Medicaid-Financed Institutional Services: Characteristics of Nursing Home and ICF/IID Residents and Their Patterns of Care. A. Summary of Results and Policy Implications

08/01/2013

Nursing Home Utilization. In recent years, the percentage of elderly and disabled Medicaid enrollees living in nursing homes has declined, a finding consistent with other recent studies (see, for example, Wiener et al. 2009). Although the reasons for this decline are not clear, states that have successfully begun to re-balance their LTC systems away from institutional care and toward HCBS would expect to experience such declines. In fact, we found that rates of nursing home utilization dropped in states that allocated a higher share of their Medicaid LTSS expenditures to HCBS, while rising in states allocating a lower share to HCBS. The positive relationship between HCBS investment and use and shorter nursing home stays also suggests that continued expansion of HCBS might be a contributing factor in lowering rates of institutionalization, although many other factors not measured here are also undoubtedly involved.

The Population of ICF/IID Residents. New ICF/IID placements during our study period were relatively uncommon, reflecting the long lengths of stay of the typical ICF/IID resident, the well-established movement from placing developmentally disabled individuals in larger institutions toward greater reliance on community-oriented group homes and HCBS, and the smaller size of this population more generally. ICF/IID residents were generally younger or middle-aged adults, the vast majority of whom had low-incomes even prior to being admitted (unlike nursing home residents). Because of the diverse and complex needs of this unique population, ICF/IID residents and those at risk of being placed in an ICF/IID will continue to benefit from programs that are tailored to their individual circumstances. Because large state-run ICFs/IID and smaller community ICFs/IID represent significantly different care settings, additional research that explicitly considers utilization of services provided by these different types of ICF/IID is critical to fully understanding how low-income individuals with ID/DD are being served in different states, and how to serve them better.

Use of Both Institutional Care and HCBS. Sizable minorities of both nursing home and ICF/IID residents used HCBS prior to their Medicaid-financed stays, suggesting that different types of LTSS are being used for the same individuals at different times, determined possibly by their changing levels of need or trial-and-error efforts to find the most appropriate service setting. To the extent that a given Medicaid enrollee is likely to need both HCBS and institutional care at different times in his or her life, systems of care that have a "no wrong door" policy -- according to which individuals requiring LTSS have all options for services made available to them regardless of how they access the system -- hold the potential to ease transitions to and from the community (Lind et al. 2010).

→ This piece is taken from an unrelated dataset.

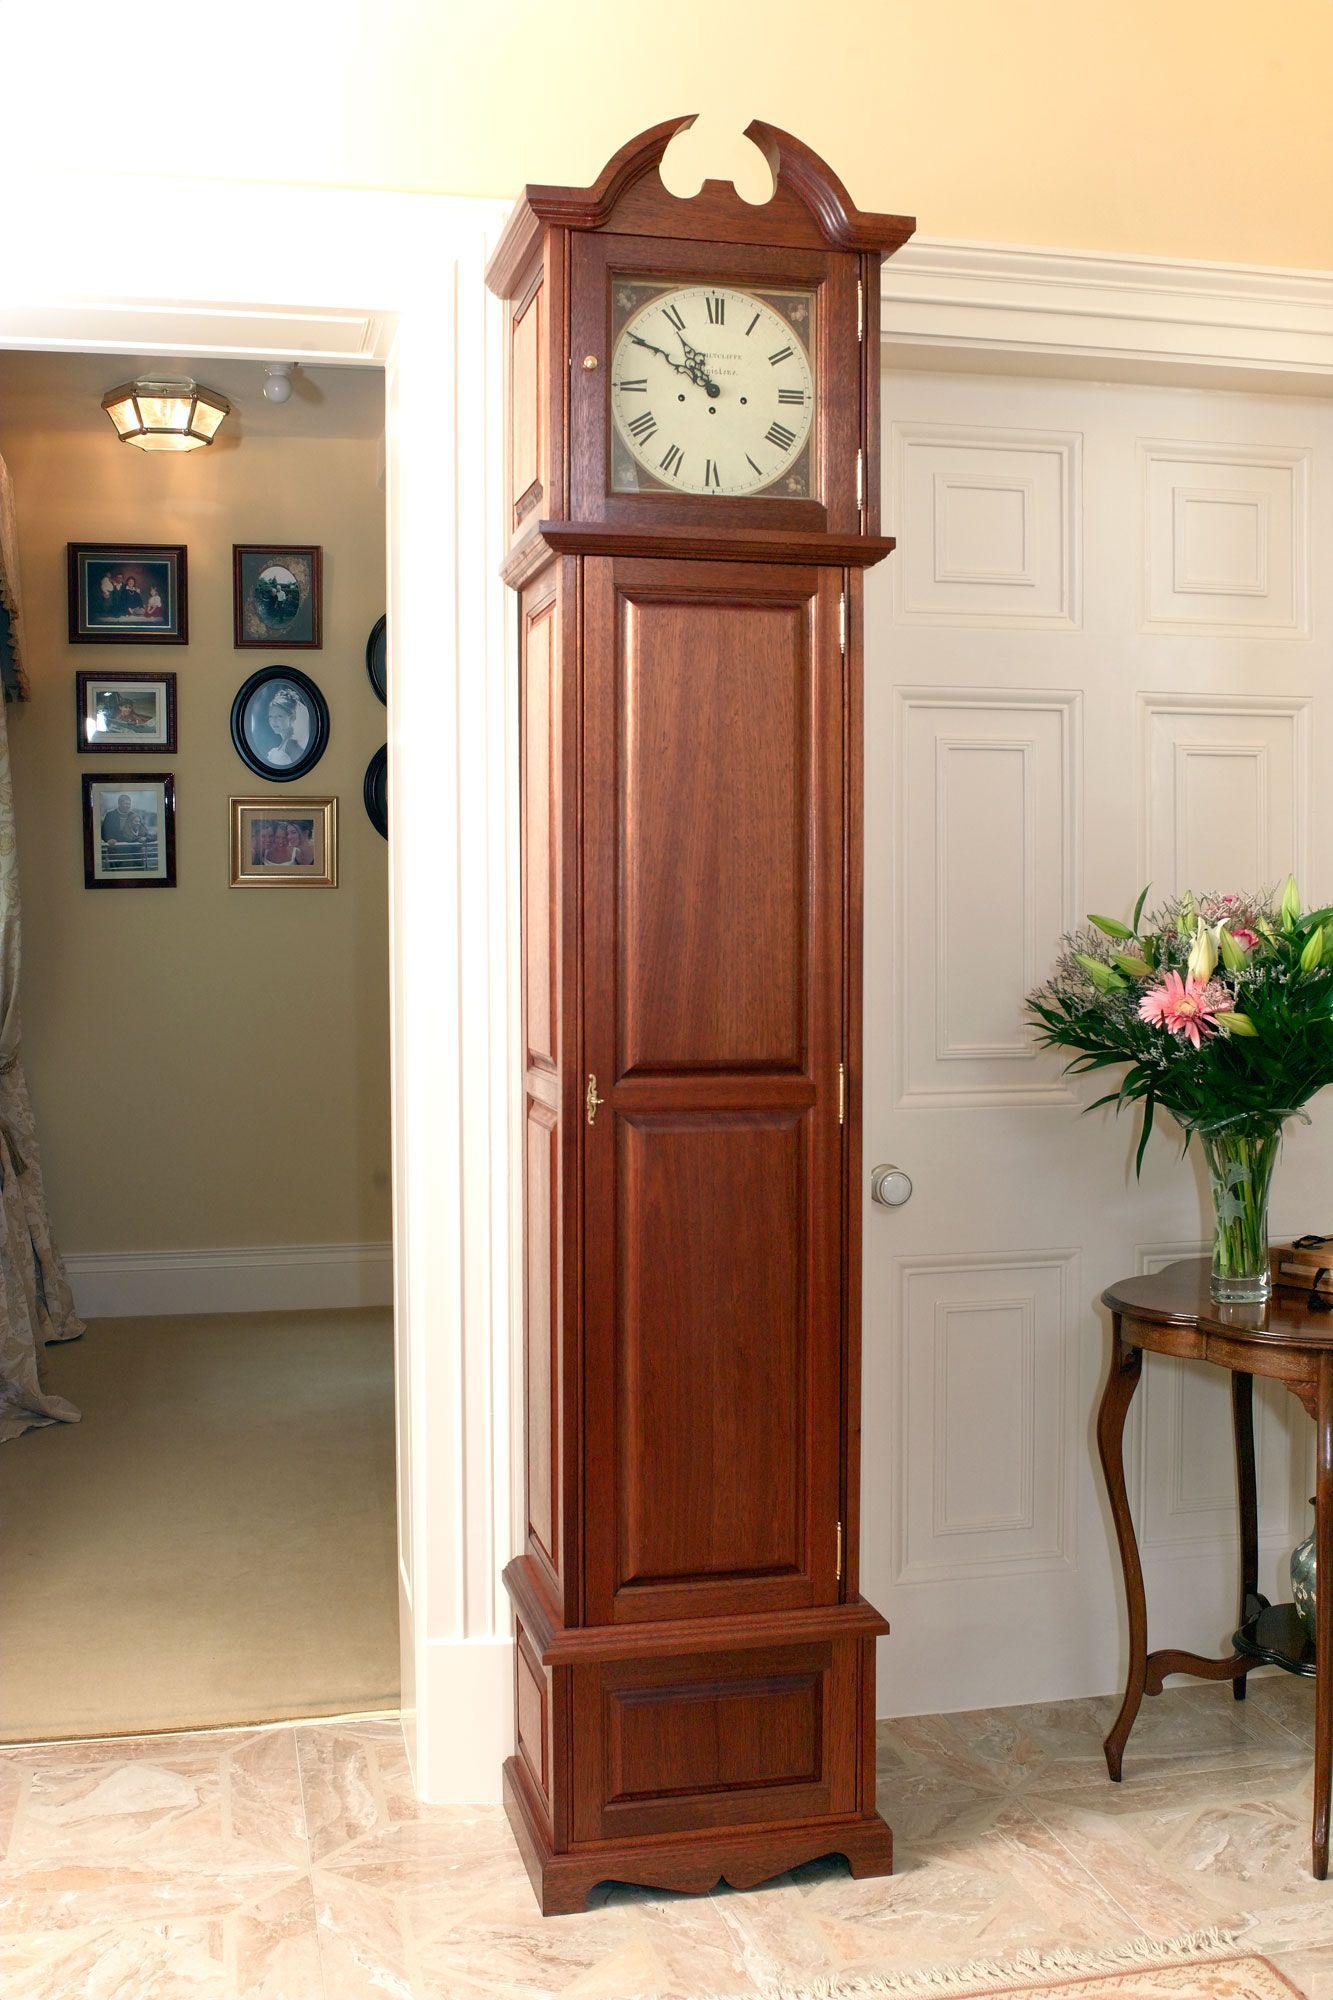 Grandfather Clock gun safe Closed Emergency Preparedness

Multiple Episodes of Care. Multiple episodes of institutional care (separated by at least two months of living somewhere other than in a nursing home or ICF/IID) were uncommon, suggesting limited cycling in and out of institutions by the same individuals. However, the small number of individuals who did experience multiple episodes of care likely represents an important population requiring complex services for whom a key challenge is providing appropriate care tailored to their specific functional and medical needs. Moreover, while uncommon among LTC users generally, multiple spells of care among enrollees who were admitted to ICFs/IID during the 18-month period over which we observed them were not unusual; many of these individuals used both nursing home and ICF/IID services, usually in that order.

Eligibility for Medicaid Benefits. Although approximately 30 percent of nursing home residents were not enrolled in Medicaid two months before the beginning of their Medicaid-financed stay, the vast majority of ICF/IID residents (nearly 90 percent) were previously enrolled, with nearly half qualifying for benefits via cash assistance. In contrast, most nursing home residents qualified for benefits via "other" criteria (including the 300 percent rule) during their stays. The large percentage of ICF/IID residents who qualified for Medicaid prior to their stay might not be particularly surprising, since many disabilities are lifelong and (in the absence of and sometimes even with support services) limit an individual's ability to earn income. That nursing home stays often precipitate enrollment in Medicaid reflects the high cost of nursing home services for individuals with modest incomes and assets who previously did not require institutional care.